--- PROVIDED INFORMATION ---
_ _ _

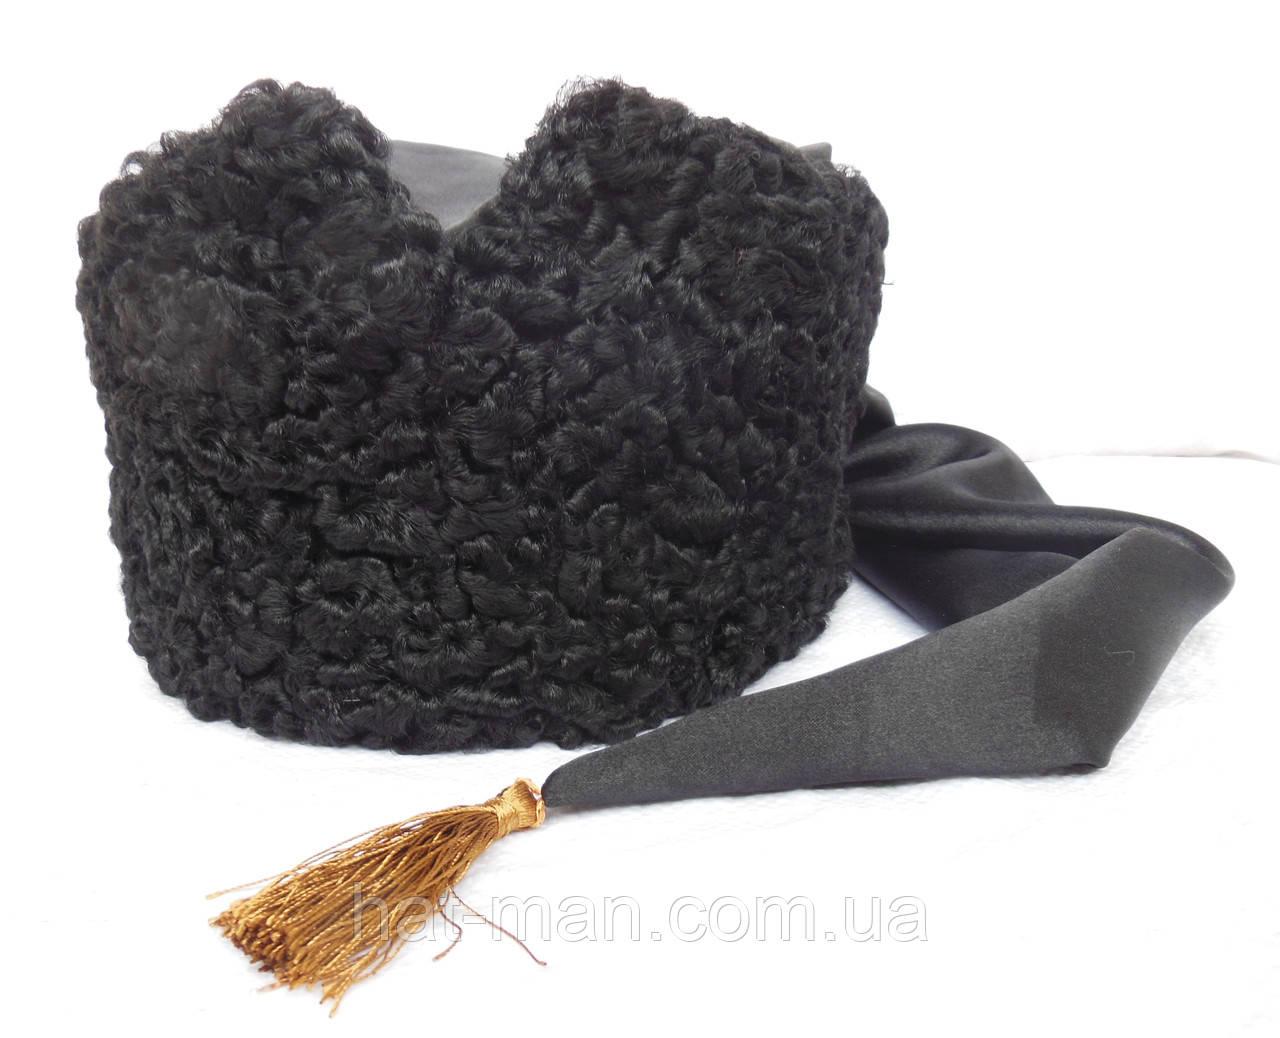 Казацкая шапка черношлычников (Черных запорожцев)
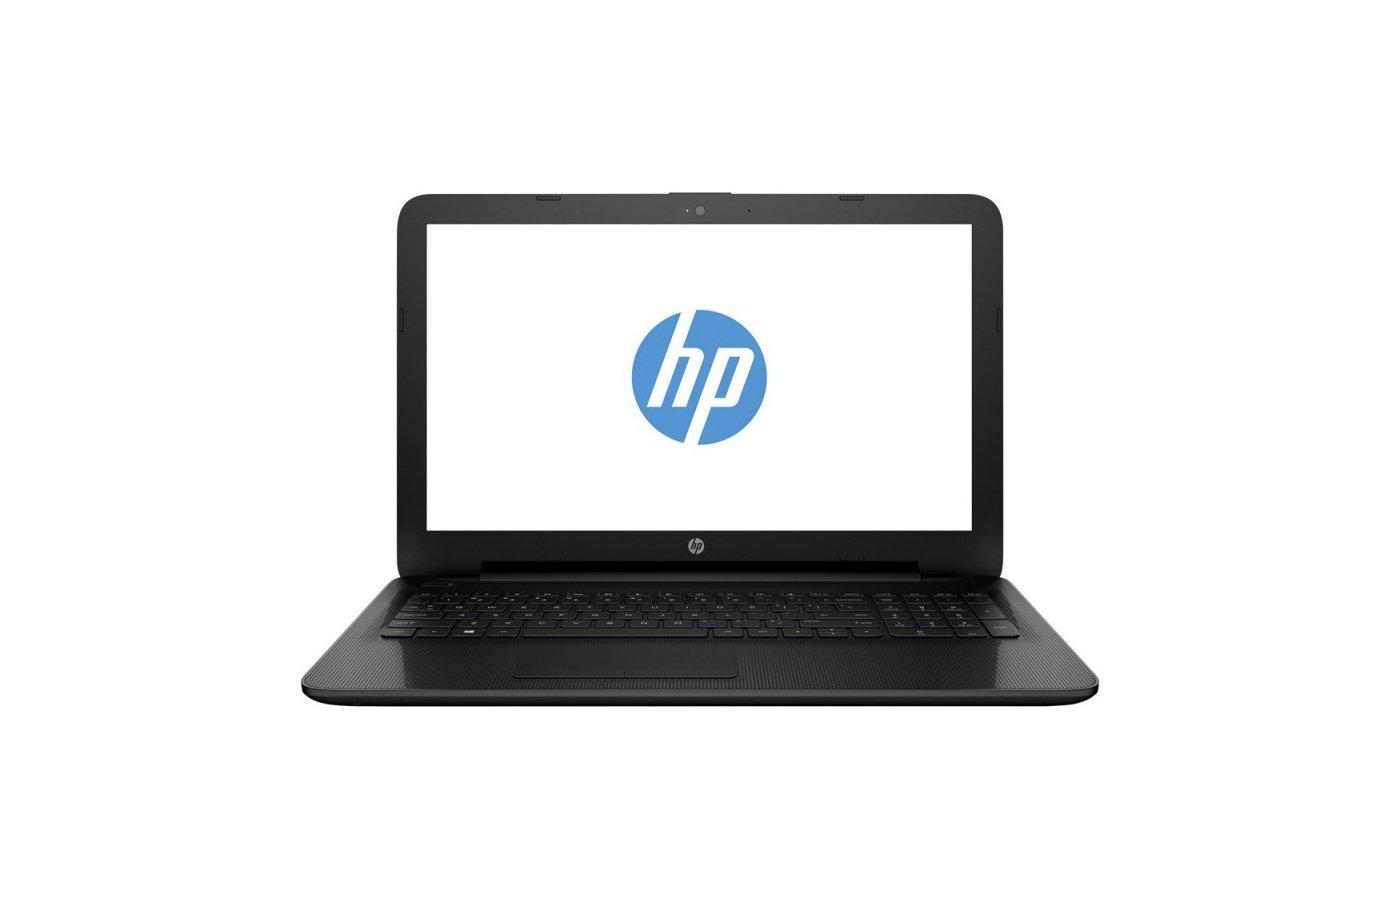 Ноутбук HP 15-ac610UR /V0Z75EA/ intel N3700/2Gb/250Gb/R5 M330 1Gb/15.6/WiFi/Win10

_ _ _

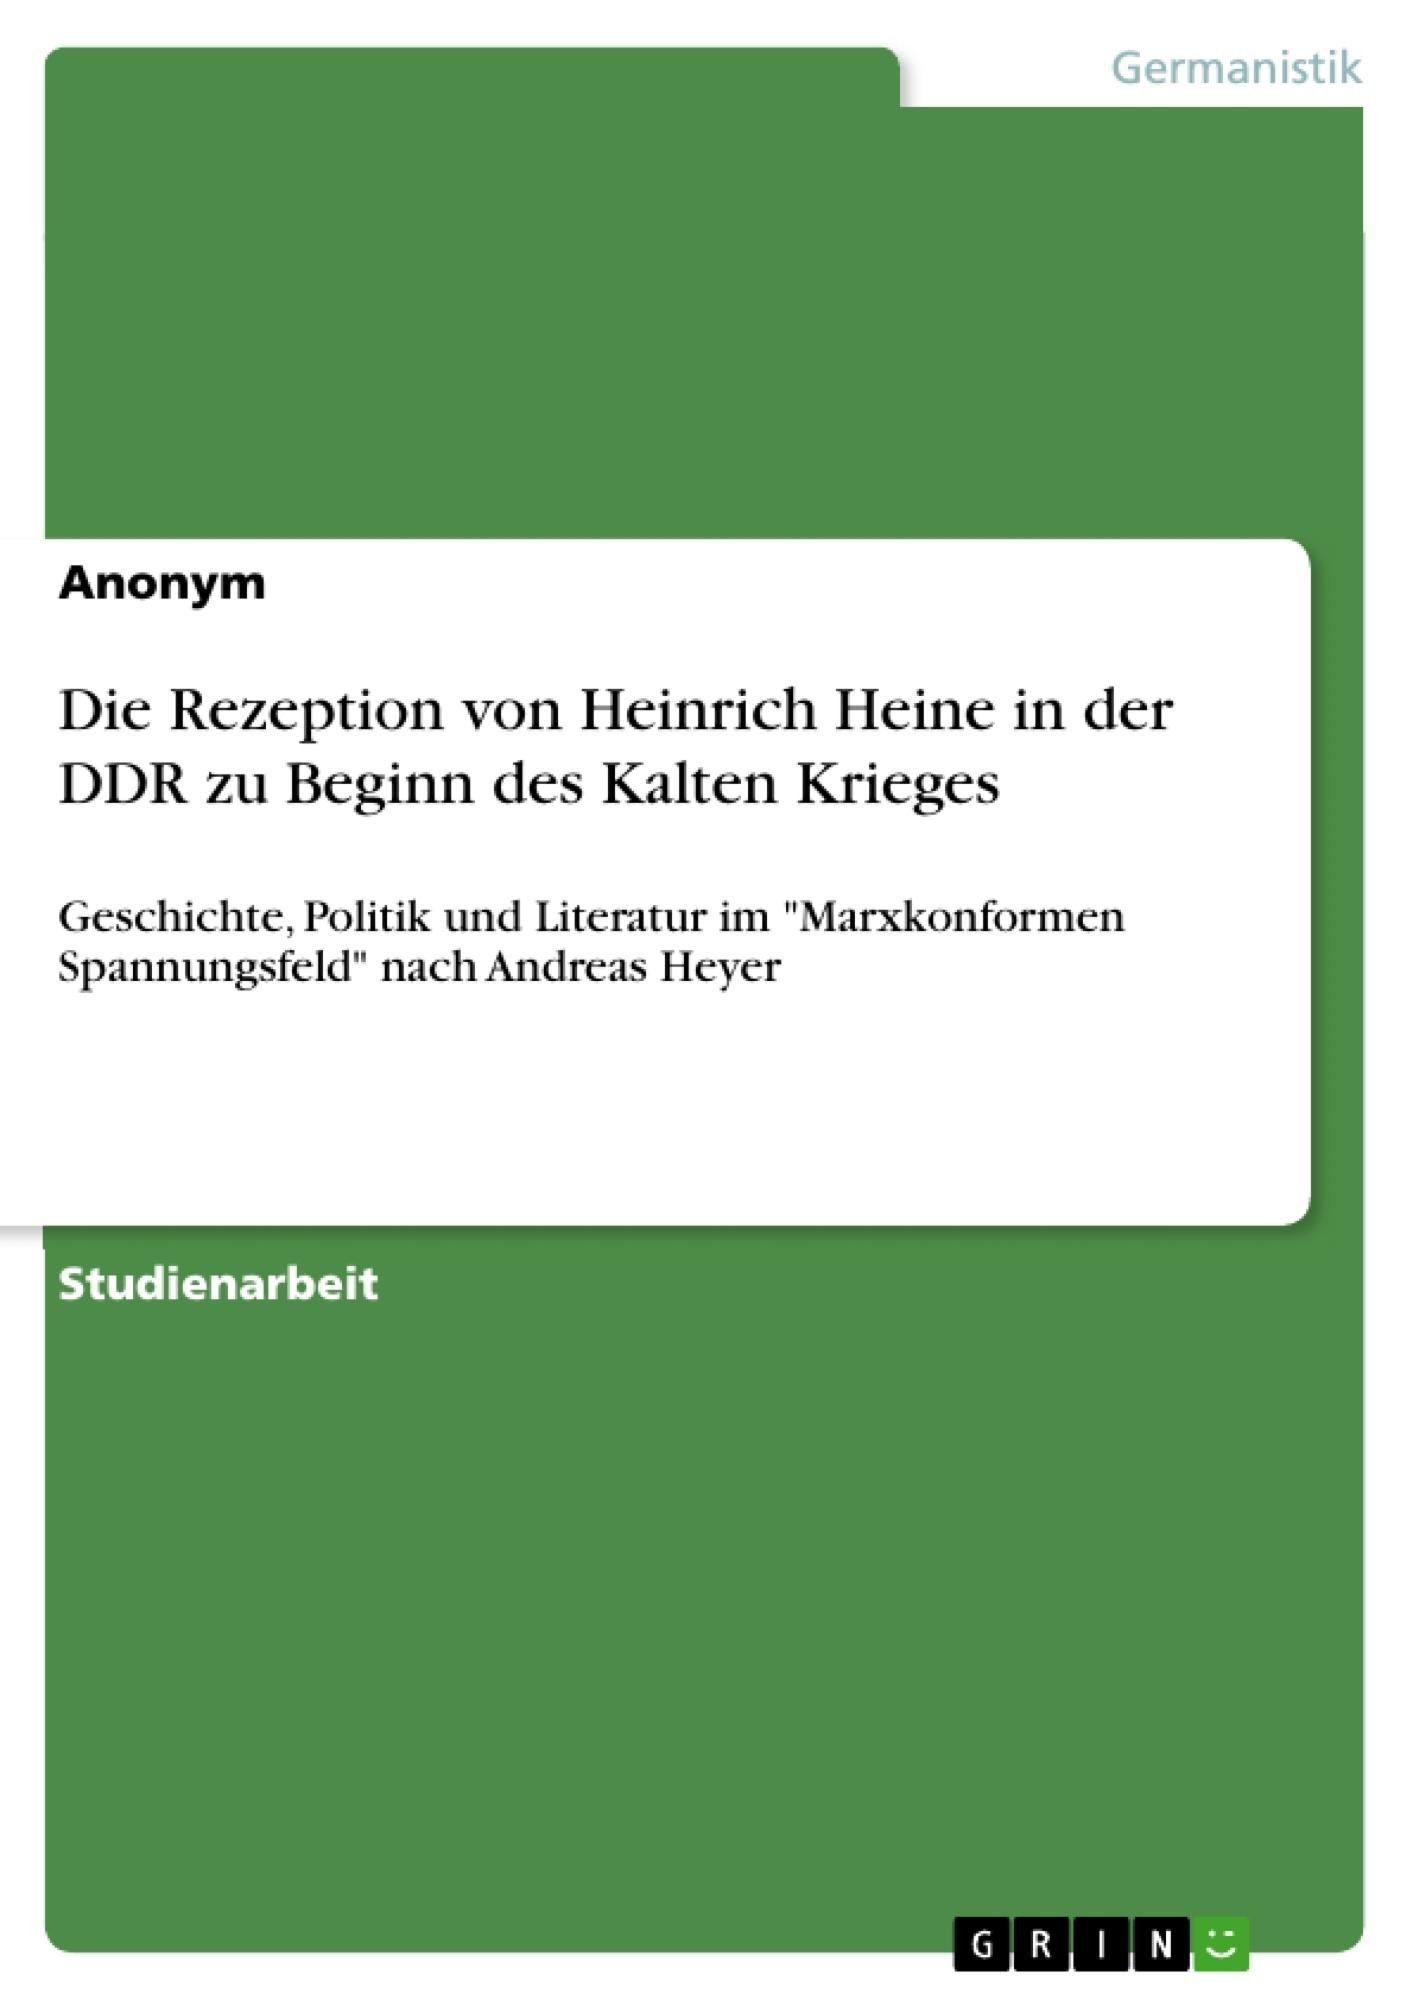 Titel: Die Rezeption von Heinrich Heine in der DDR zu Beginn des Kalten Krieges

_ _ _

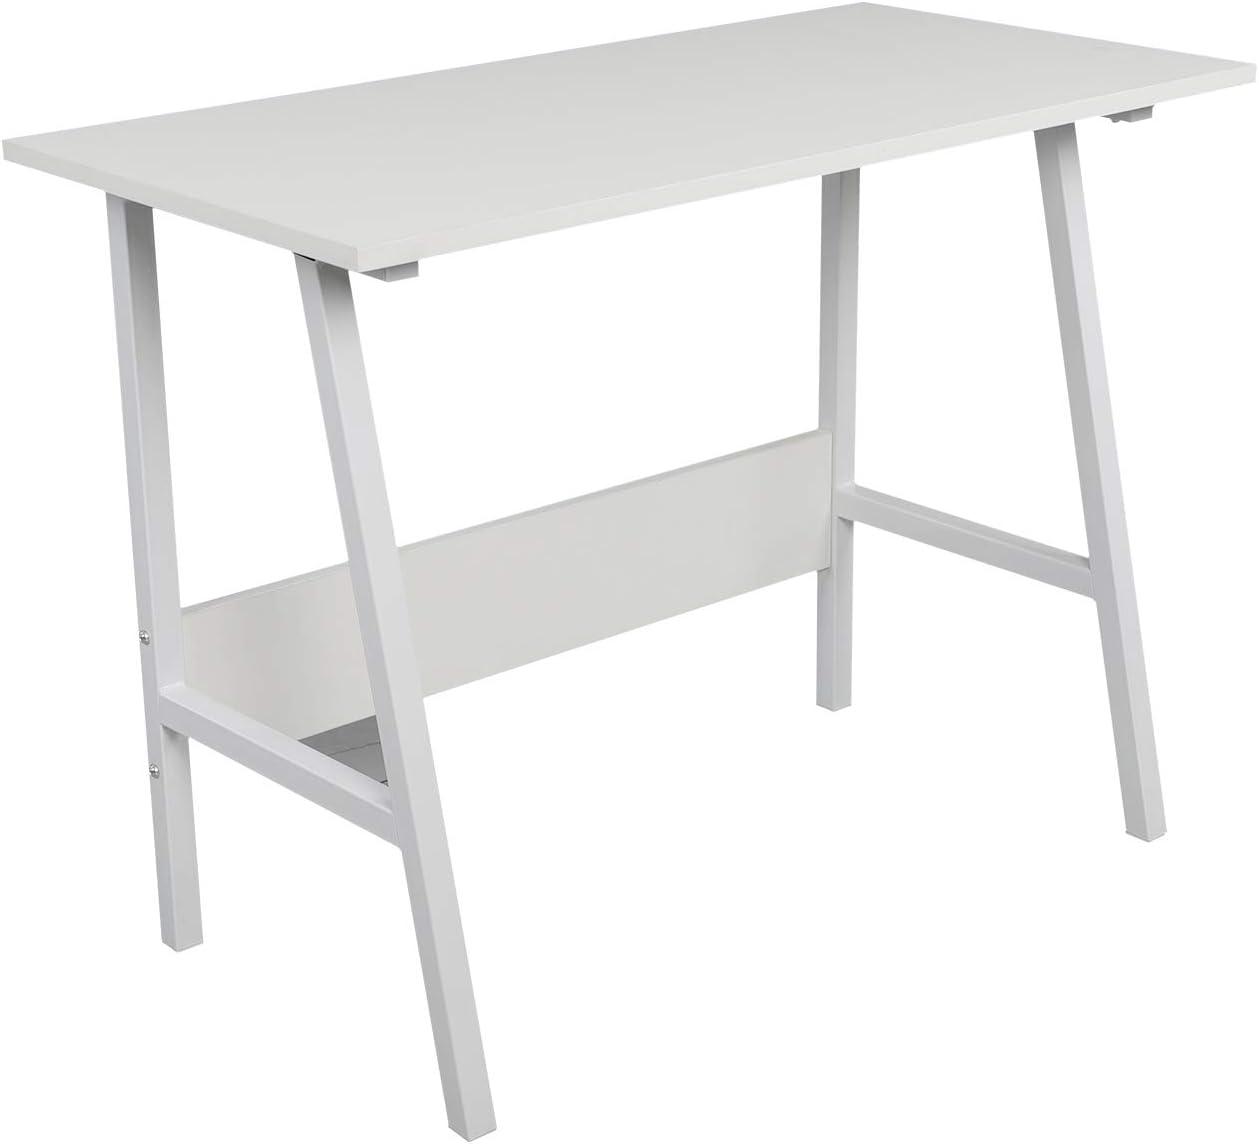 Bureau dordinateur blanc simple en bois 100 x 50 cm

_ _ _

--- EXERCISE DETAILS ---
When you reach the line containing "Казацкая шапка черношлычников" in the entries above, begin restating word for word, and stop once the line containing "Ноутбук HP 15-ac610UR" has been given. Omit the pictures.

--- RESULT OF THE TASK ---
 Казацкая шапка черношлычников (Черных запорожцев)
 Ноутбук HP 15-ac610UR /V0Z75EA/ intel N3700/2Gb/250Gb/R5 M330 1Gb/15.6/WiFi/Win10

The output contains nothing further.